To understand Popović’s decision to make such a turn in his artistic strategy it is necessary to look at the broader historical and social context that is at the very source of his new works. All the material gathered by Popović consists of digitized archive photographs related to architectural and urban planning projects in the period of high modernism in Split. This was a time of the most intense development of the city that followed after the first post-war industrialization. The large inflow of new population demanded urgent addressing of the issue of appropriate accommodation in Split so that the period of the 1950s and 1960s saw records in the intensity of residential construction in Yugoslavia.
8 The major project of the modernization of the city involved the development of significant public facilities – administrative and business buildings, schools, and, of course, hospitals.
9 In the late 1960s, a large urban planning project was carried out that regulated the expansion of the city of that time to its eastern suburbs, known today as Split 3.
10 It is an example of an exceptionally well-considered urbanism that solved the issue of a rapidly growing population, while at the time preserving the Mediterranean identity and way of life through pedestrian streets and public spaces.
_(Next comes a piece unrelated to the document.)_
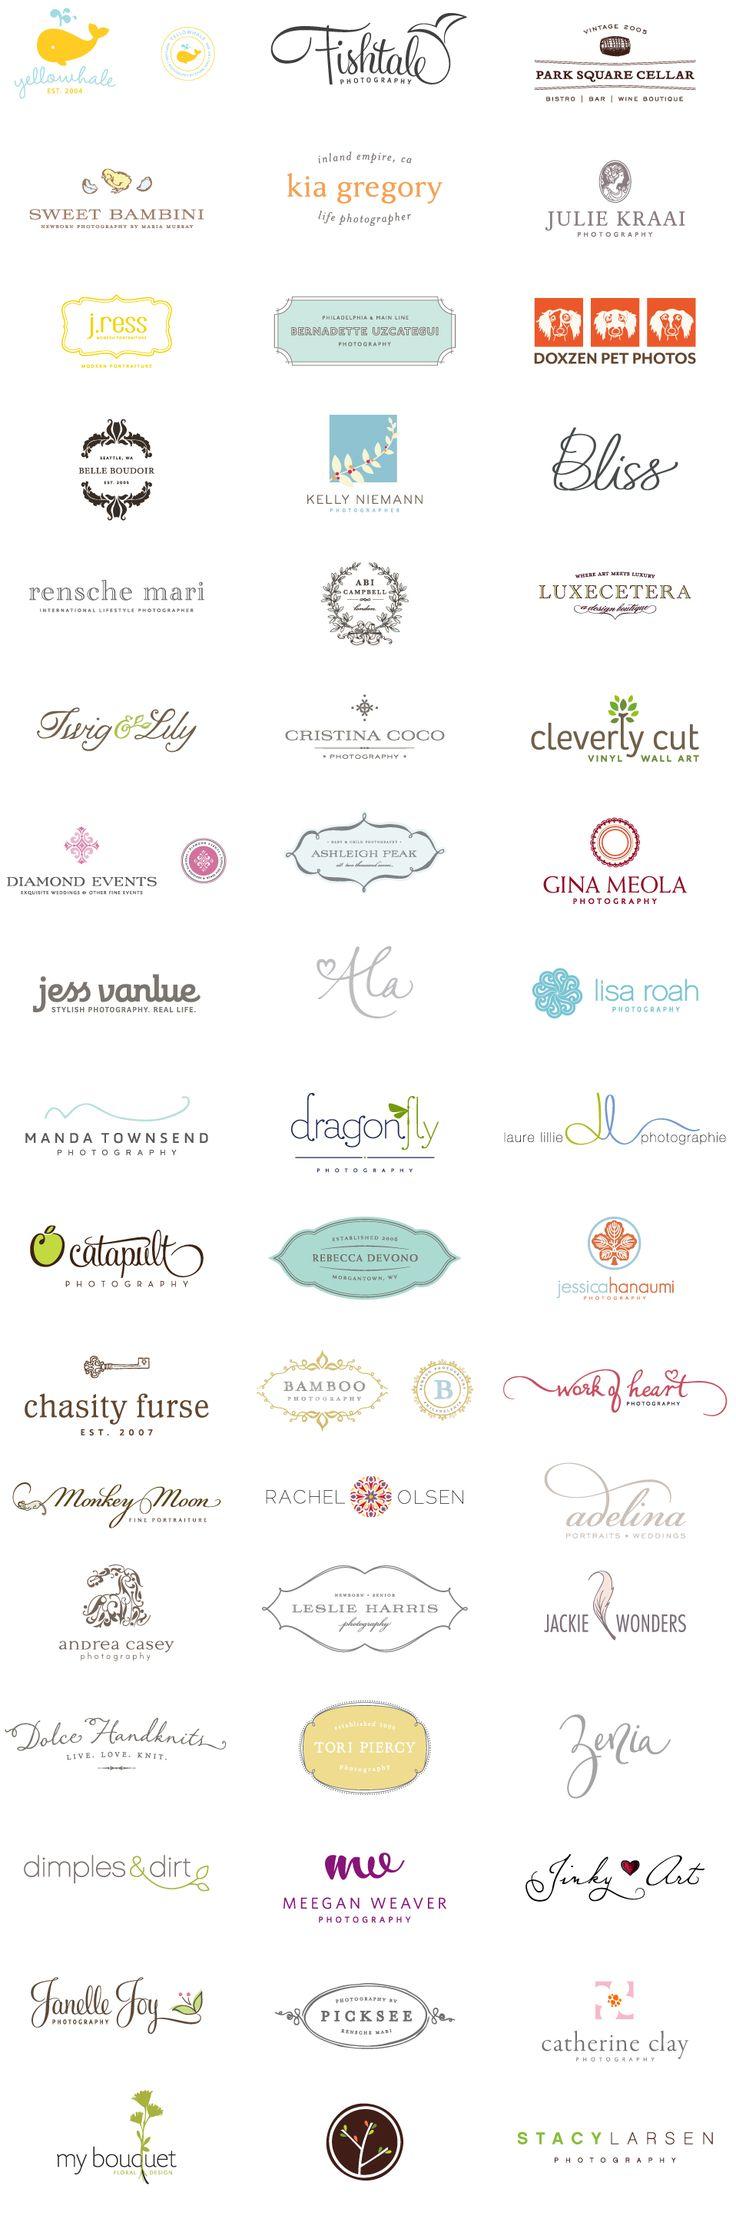 great logo design - I like the type used on rensche mari / cristina coco / adelina / leslie harris / zenia

Although it involved the mass construction of residential architecture, the project successfully avoided the complete alienation of the residents and the reduction of the new suburbs to the dormitory function, thus becoming a paradigmatic example of an exceptional urban planning and architectural practice.
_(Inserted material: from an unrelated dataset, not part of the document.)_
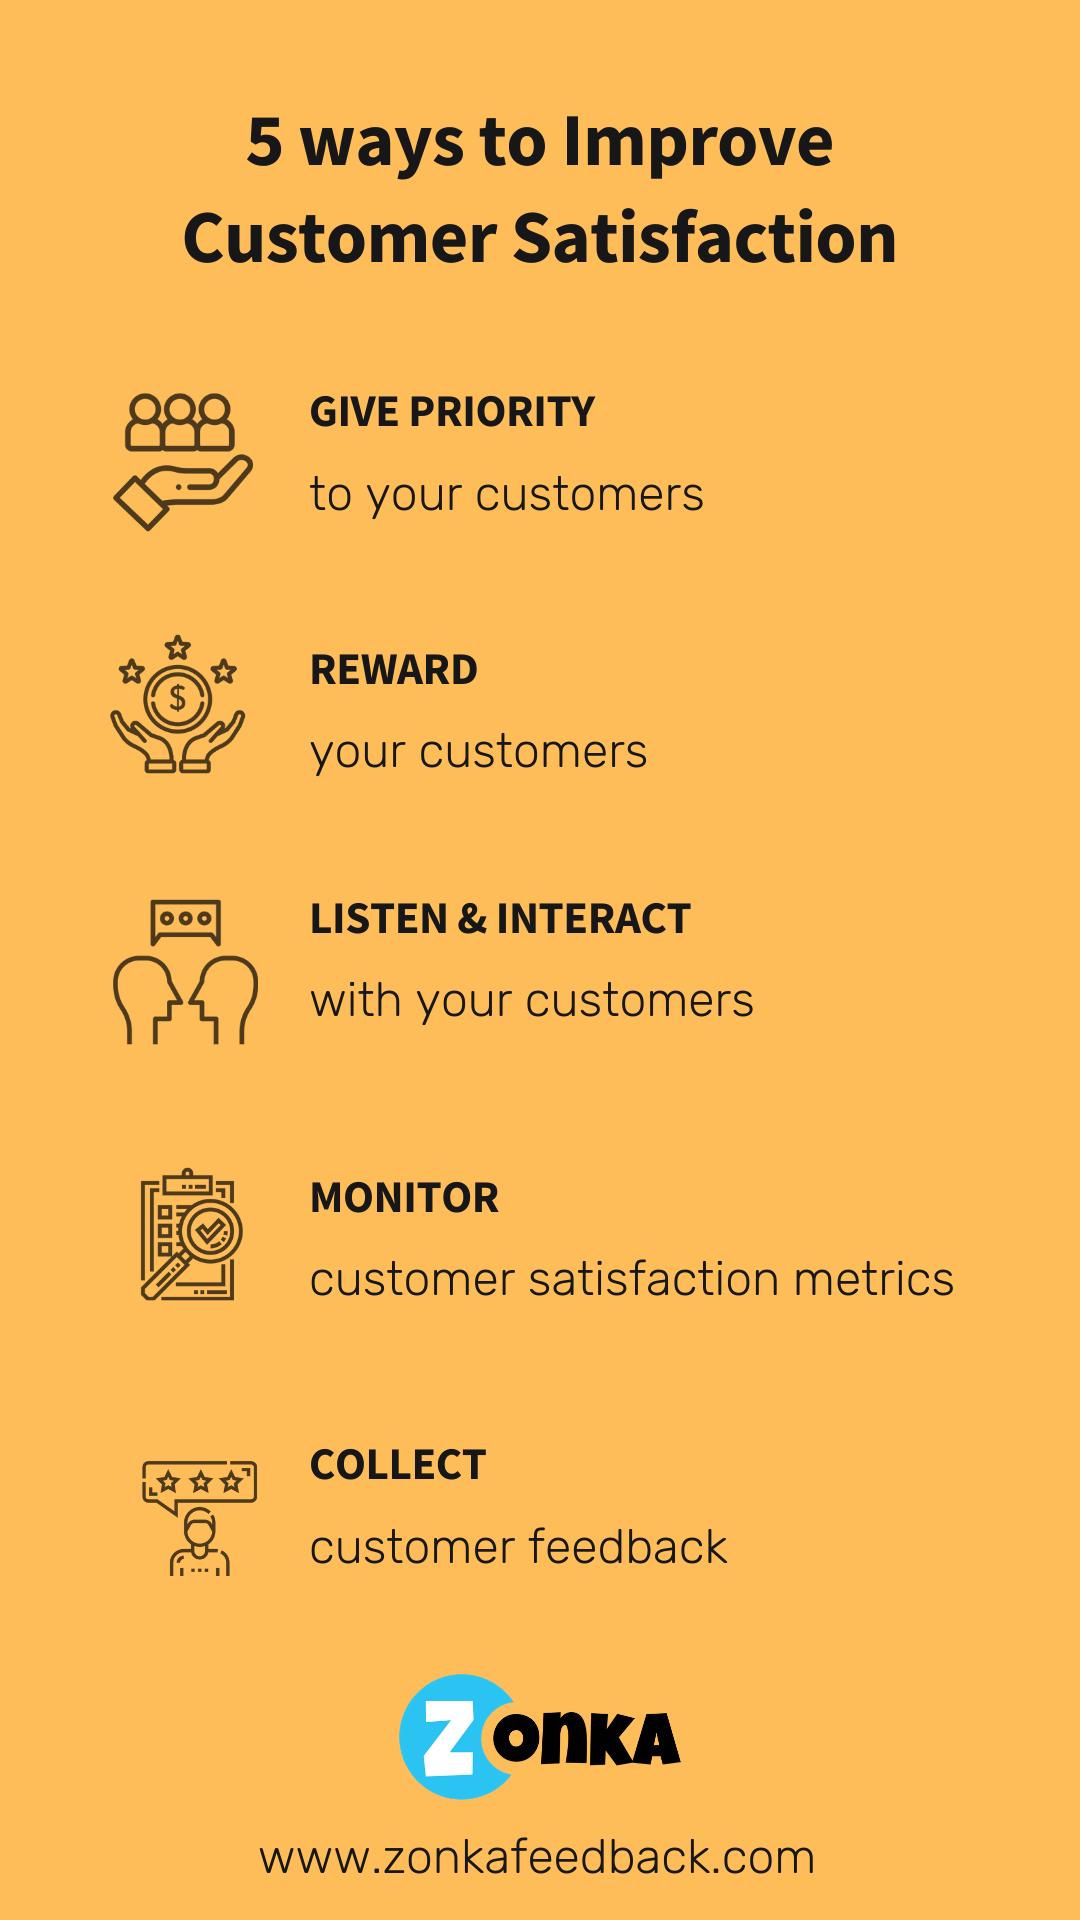 5 Ways to Improve Customer Satisfaction

11The reasons for Popović’s interest in the aforementioned period of the formation of Split can be understood through several parameters. On the one hand, Split 3 is the space where he grew up, and, in that case, the memory of space has a very personal character. On the other hand, the architecture of high modernism is fully consistent with the reference field of Popović’s interest in the field of art history. But while the development of artistic strategy in the autoreferential space of art can be seen as the defining of a very personal artistic identity, research of the living urban space inevitably acquires a broader social context. In Popović’s case, the decision to use archival and not recent photographs—as was the case with the photographs of New York City—speaks of a critical detachment from the current state of urban planning chaos and of recollecting the values according to which these spaces were originally conceived. The need for the accumulation of one’s archive and its reinterpretation is the consequence of the position taken by the institutional archives in relation to the socialist period of modernism in Croatia. The change of the social system and transitional chaos have destroyed the successor institutions of the aforementioned projects – the archives of either the former Urban Planning Institute of Dalmatia or Lavčević Construction Company are incomplete and partially lost. For example, the architectural model of the preliminary design of Split 3 itself was destroyed, and Popović was able to find its high-quality photograph only in Mušič’s Archive at the Museum of Architecture and Design in Ljubljana. The situation is even more serious with regard to the Military Hospital because, at the time of taking control of the institutions of the former Yugoslav Army in 1991, the found archives were almost completely destroyed.
12 The found photographs are part of Lavčević’s book of clients, which by sheer luck came to the Photographic Collection of the City Museum of Split.
The problems with systematic institutional work on the collecting and processing of archival material from the period of socialism are an indicator of a distinct politicization of memory. The process in which our not-so-distant history becomes a forgotten narrative has opened up a large field of artistic practices that problematize precisely the socialist legacy. In the public discourse, such practices are all too easily labeled as sentiment toward the undesirable past, but the described context of the creation of Popović’s recent works clearly shows that the artistic
archival impulse is essential in a situation where we are physically losing the records that are the basis for all future interpretations of our history.